Walking into the main gallery of My Eternal Soul was an experience. Imagine a closed space the size of a basketball court (maybe larger), with all four walls entirely covered by 4 foot square-panel paintings, no spaces in between. In the open floorspace, huge acrylic sculptures of flora and fauna sprouted, most of them big enough to engulf the tallest visitor. One of the sculptures would’ve looked right at home in the Little Shop of Horrors, with a big eye at the center of the flowers. 

One of the things I learned later about Yayoi Kusama from the Infinity Mirror exhibit was how specific she was with regards to how viewers experienced her work. In Infinity Mirror, visitors were allowed between 30 to 40 seconds in each room. It was brief but long enough to feel immersed in her world. 

The same care was taken in My Eternal Soul. Despite the large size of the gallery, I felt completely enveloped in Kusama’s work. It was like spacewalking through Kusama’s brain. My son took his time contemplating one of the big plant sculptures. “I liked the way she visualized her mental illness,” he said. 

There was one Infinity Mirror room in this show. Thousands of colored lights hung from the ceiling, reflected by mirrors on all sides. It simulated the most stunning walk through the stars, more immersive than any planetarium visited. The beauty of Yayoi Kusama’s Infinity Mirror rooms are easy to understand. They’re visually striking, meditative, immersive, and mesmerizing.    

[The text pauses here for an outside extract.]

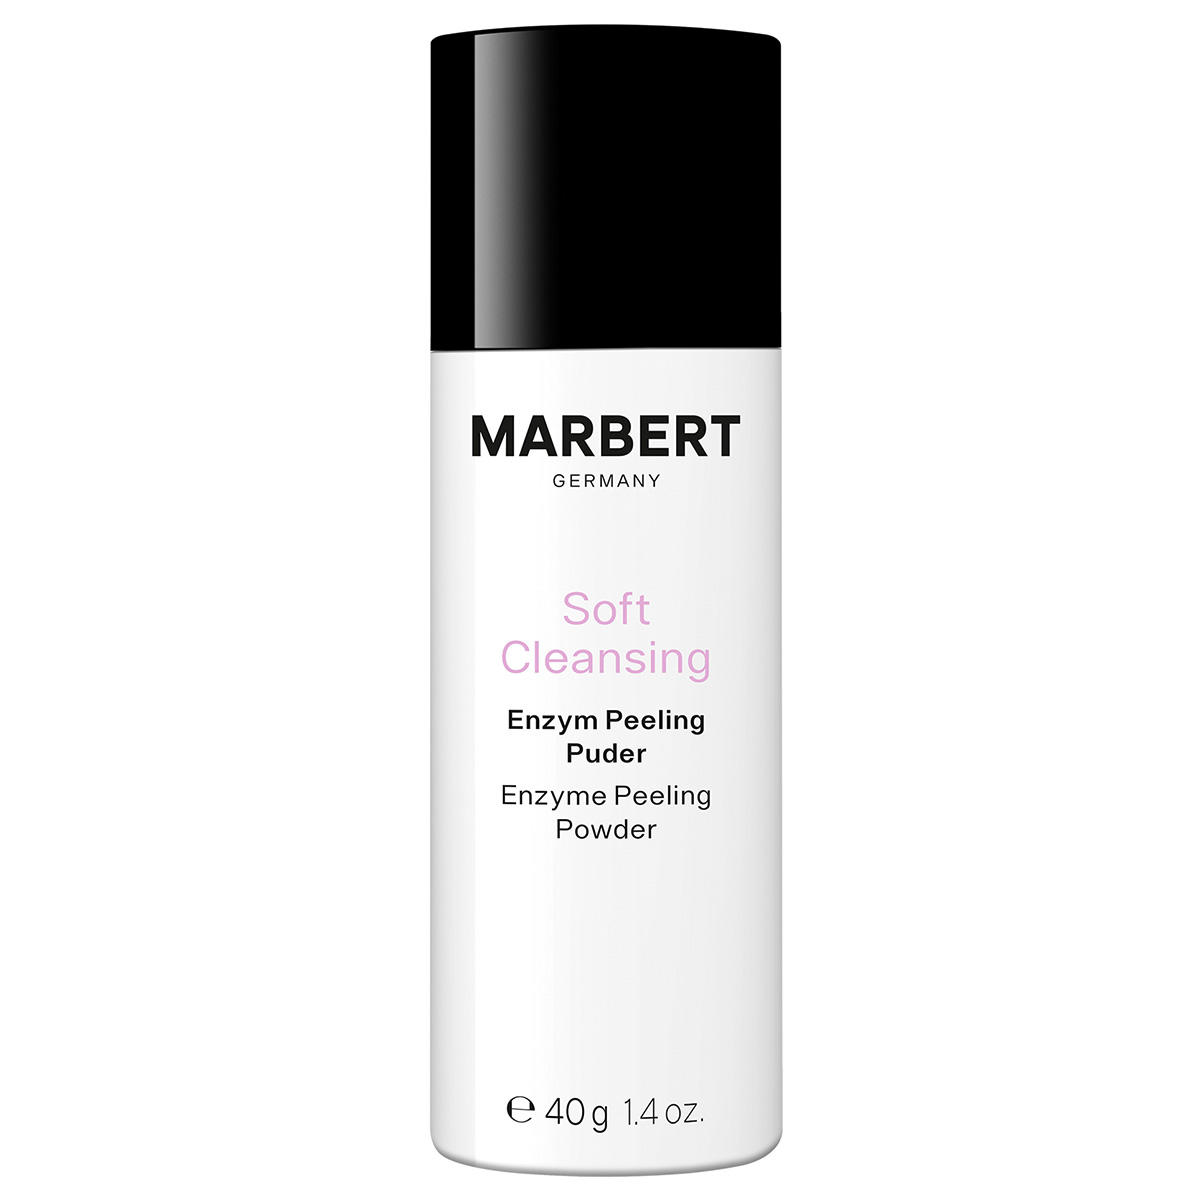 Marbert Soft Cleansing Enzym Peeling Poeder 40 g - 1

I hope you have the chance to experience her work with your kids. Infinity Mirrors is currently on view at the Broad in Los Angeles until January 10th, 2018, then it will travel to Toronto and Cleveland through 2018. If you find yourself in Tokyo, Yayoi Kusama has just opened her own museum. I’m pretty sure tickets will be sold out for months in advance, but it’s worth checking out the web site for availability.